Auto-encoder based multi-view attributed network representation learning model

doi:10.11772/j.issn.1001-9081.2020061006

Abstract

Abstract: Most of the traditional network representation learning methods cannot consider the rich structure information and attribute information in the network at the same time, resulting in poor performance of subsequent tasks such as classification and clustering. In order to solve this problem, an Auto-Encoder based Multi-View Attributed Network Representation learning model(AE-MVANR) was proposed. Firstly, the topological structure information of the network was transformed into the Topological Structure View(TSV), and the co-occurrence frequencies of the same attributes between nodes were calculated to construct the Attributed Structure View(ASV). Then, the random walk algorithm was used to obtain a series of node sequences on two views separately. At last, by inputting all the generated sequences into an auto-encoder model for training, the node representation vectors that integrate structure information and attribute information were obtained. Extensive experiments of classification and clustering tasks on several real-world datasets were carried out. The results demonstrate that AE-MVANR outperforms the widely used network representation learning method based solely on structure information and the one based on both network structure information and node attribute information. In specific, for classification results of the proposed model, the maximum increase of accuracy is 43.75%, and for clustering results of the proposed model, the maximum increase of Normalized Mutual Information(NMI) is 137.95%, the maximum increase of Silhouette Coefficient is 1 314.63% and the maximum decrease of Davies Bouldin Index(DBI) is 45.99%.

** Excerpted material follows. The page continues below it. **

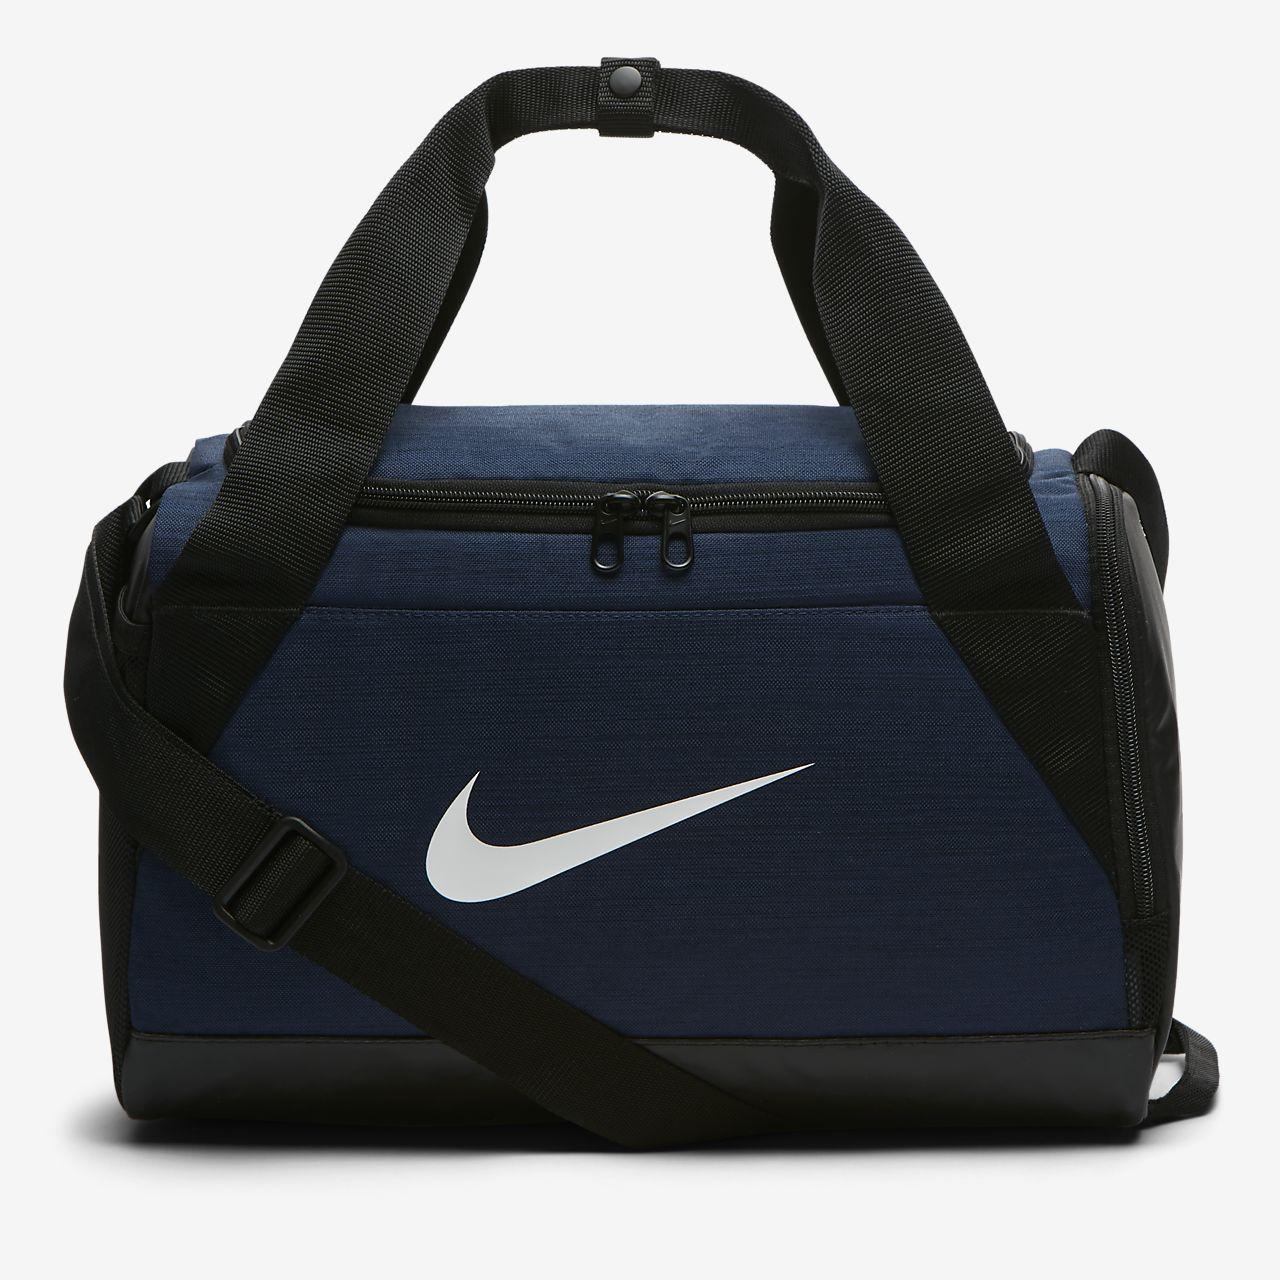 355b864497 Nike Brasilia (Extra Small) Training Duffel Bag. Nike.com CZ
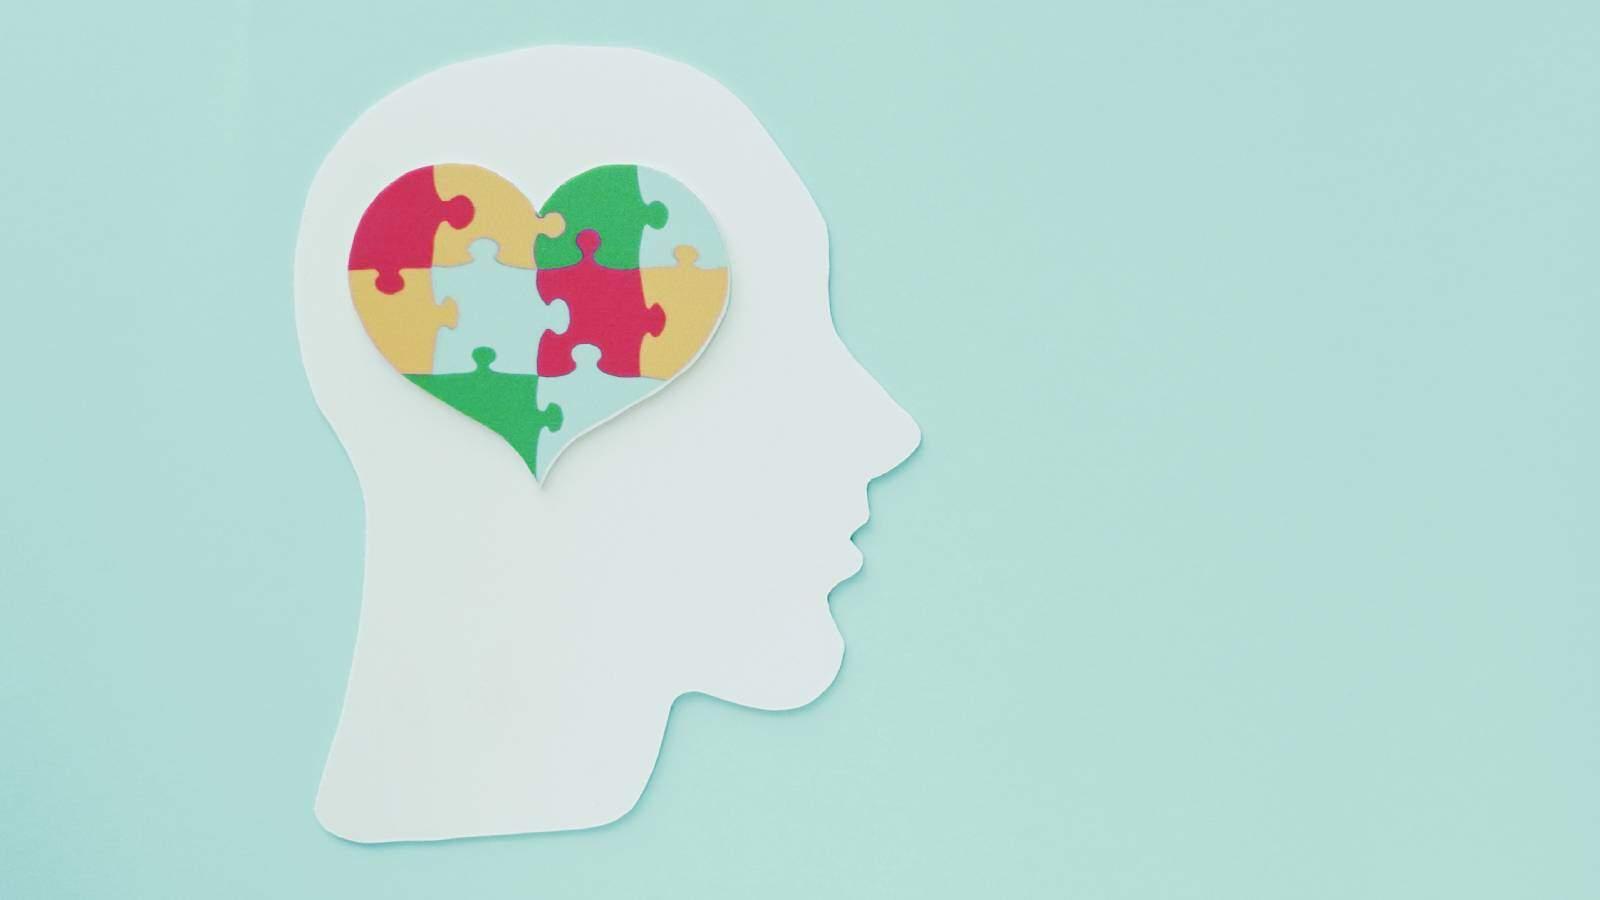 CBD לטיפול באוטיזם | קנאביס רפואי בריא בישראל

Key words: network representation learning, network embedding, node representation vector, multi-view attributed network, auto-encoder

摘要： 现有的大多数网络表示学习方法很难兼顾网络中丰富的结构信息和属性信息，导致其后续任务，如分类、聚类等的效果不佳。针对此问题，提出一种基于自编码器的多视图属性网络表示学习模型（AE-MVANR）。首先，将网络的拓扑结构信息转化为拓扑结构视图（TSV），通过计算节点间相同属性共现频率来构造属性结构视图（ASV）；然后，在两个视图上分别利用随机游走算法得到若干节点序列；最后，经过自编码器训练得到的序列，从而得到融合了结构信息和属性信息的节点表示向量。在几个真实数据集上进行了分类、聚类任务的大量实验，结果表明，所提AE-MVANR优于常用的仅基于网络结构的和同时基于网络结构信息及节点属性信息的网络表示学习方法，具体来说该模型的分类准确率最高提升43.75%，而其聚类结果的标准化互信息（NMI）和轮廓系数（Silhouette Coefficient）指标最高增幅分别为137.95%和1 314.63%，戴维森堡丁指数（DBI）最大降幅达45.99%。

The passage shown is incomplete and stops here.